After my dream, sleep becomes scarce. The boogeyman Ninny used to stare away seems to be tucked tightly in the corner of my room. But staying awake helps. Most nights, I draw until my hands and eyes get so tired, I’m forced to sleep. I even picked up a tube of cover-up. Every morning, I dab a cream colored blob of concealer over the blue shadows collecting under my eyes. The bags disappear in seconds.
My hands start to go numb at random times, too, like when I’m in the car or when Olivia and I exchange glances in the halls. She never smiles at me. Her cheeks will go from perky to deflated with one look in my direction. Her shoulders even slump, and I’ll want to throw up because she’s so sad. Usually when that happens, I focus on a crack in the wall or hum a song that I heard on the radio until the feeling returns to my hands.
Walking helps, too. I’ve started wandering my neighborhood at night, which I know may not be the safest decision, but it’s safer than my bedroom and safer than sleep. I just walk and stare at the stars. For the first time in my life, I’m glad Ninny has a date with dope every night that puts her into a sleeping coma. It’s that or she’s sleeping at Toaster’s, which makes leaving the house even easier. I even walk to school some days. I figure a little bit of exercise can’t hurt.

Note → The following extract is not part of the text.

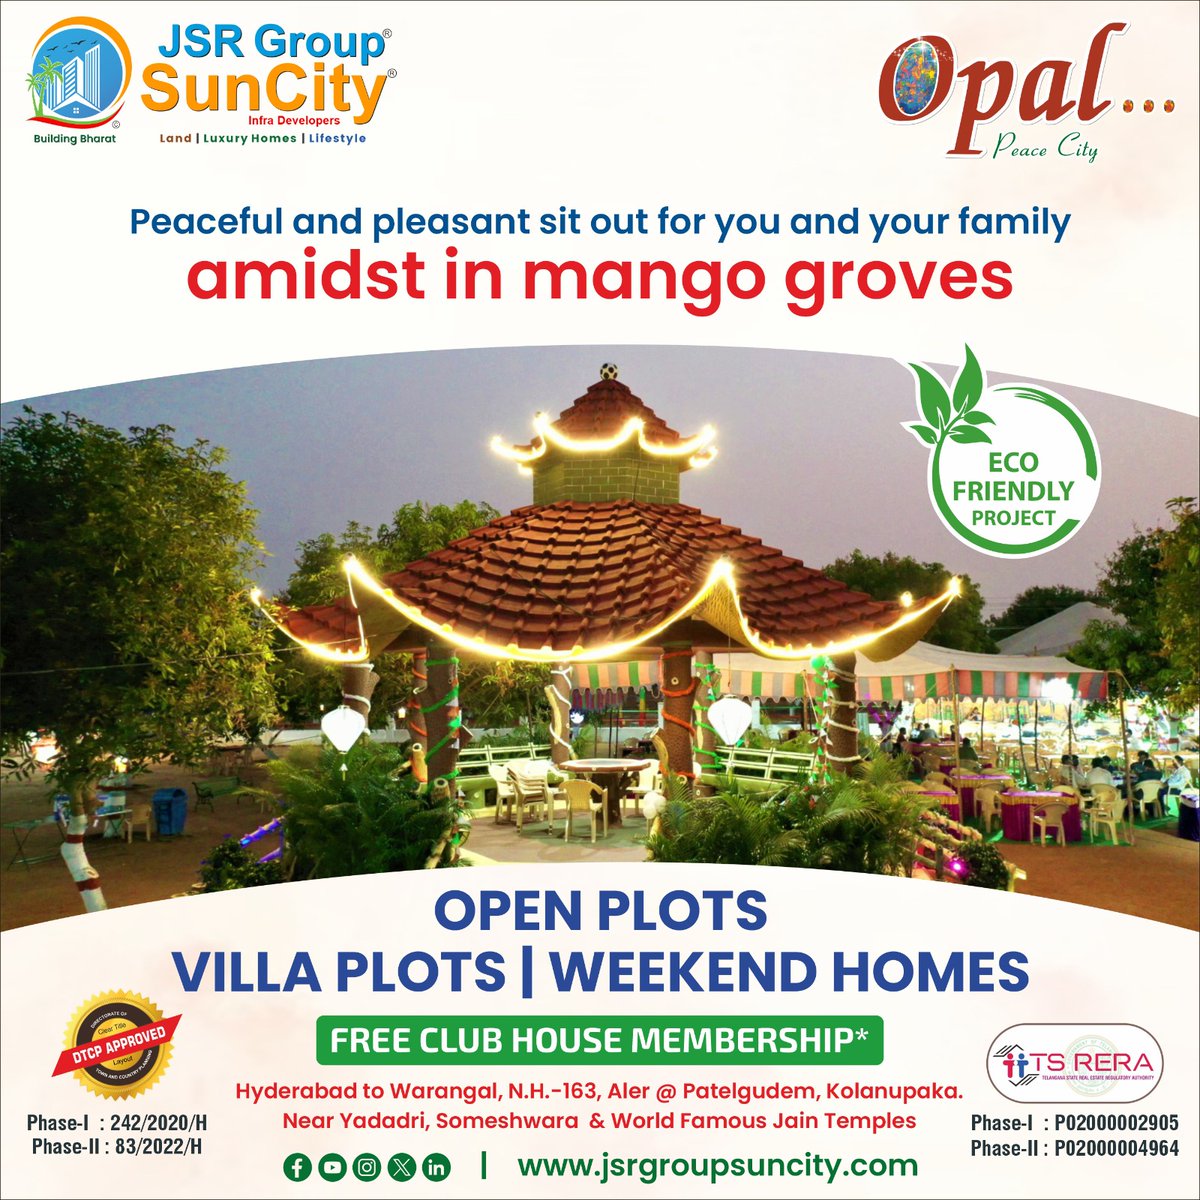 Discover serenity amidst mango groves. Our peaceful sit-out is the ideal escape for your family. Relax, rejuvenate, and reconnect with nature. For more details visit us at jsrgroupsuncity.com/opal.php

#jsrgroupsuncity #smartinvestment #MangoGroveRetreat #FamilyGetaway #ipl2024

Some nights, I’ll feel Katelyn behind me, like a shadow creeping closer and closer. When that happens, I pick up the pace to a jog. I usually end up running full speed until I can’t breathe any more and I have to hunch over, my sides splitting from cramps.
One afternoon, I catch her sitting at a table in Shakedown Street. It scares me so badly I drop the shake I’m making. When I go to clean up the glass on the floor, I don’t notice it’s chipped. It slices my hand.
The shake mixes with my blood and I mutter, “I think I’m bleeding a rainbow.”
Ninny freaks when she sees the colorful mess, screaming at me, “What happened? What happened?” over and over. But I can’t say I just saw a dead person, so I just stand there.
She carts me down to the urgent care clinic. The glass only sliced my hand a little. It just looked like a lot of blood because of the liquid from the shake. The nurse puts one of those butterfly bandages on my hand.
“I hope I never see you again,” I say as we leave. By the look on her face, she doesn’t get the joke. “I guess it’s a doctor thing.”
By the time Ninny and I make it home, my head is swimming so badly, I go up to my room and stuff my head under my pillow until the pounding subsides.
When I go to see Dr. Brenda the next day, she asks what happened to my hand.
“I broke a glass.”
“How?”
I stumble over my words, and for a moment I debate telling her. I stare into Dr. Brenda’s brown eyes, as she leans forward, barely blinking.
“I saw something.”
“You saw something?” Dr. Brenda makes a note in her notebook. It’s a new addition to our sessions, always there on her lap, ready to collect the things I say. Like she’s a detective searching for clues and one day she’ll be able to piece together what happened that night based on the little things I say.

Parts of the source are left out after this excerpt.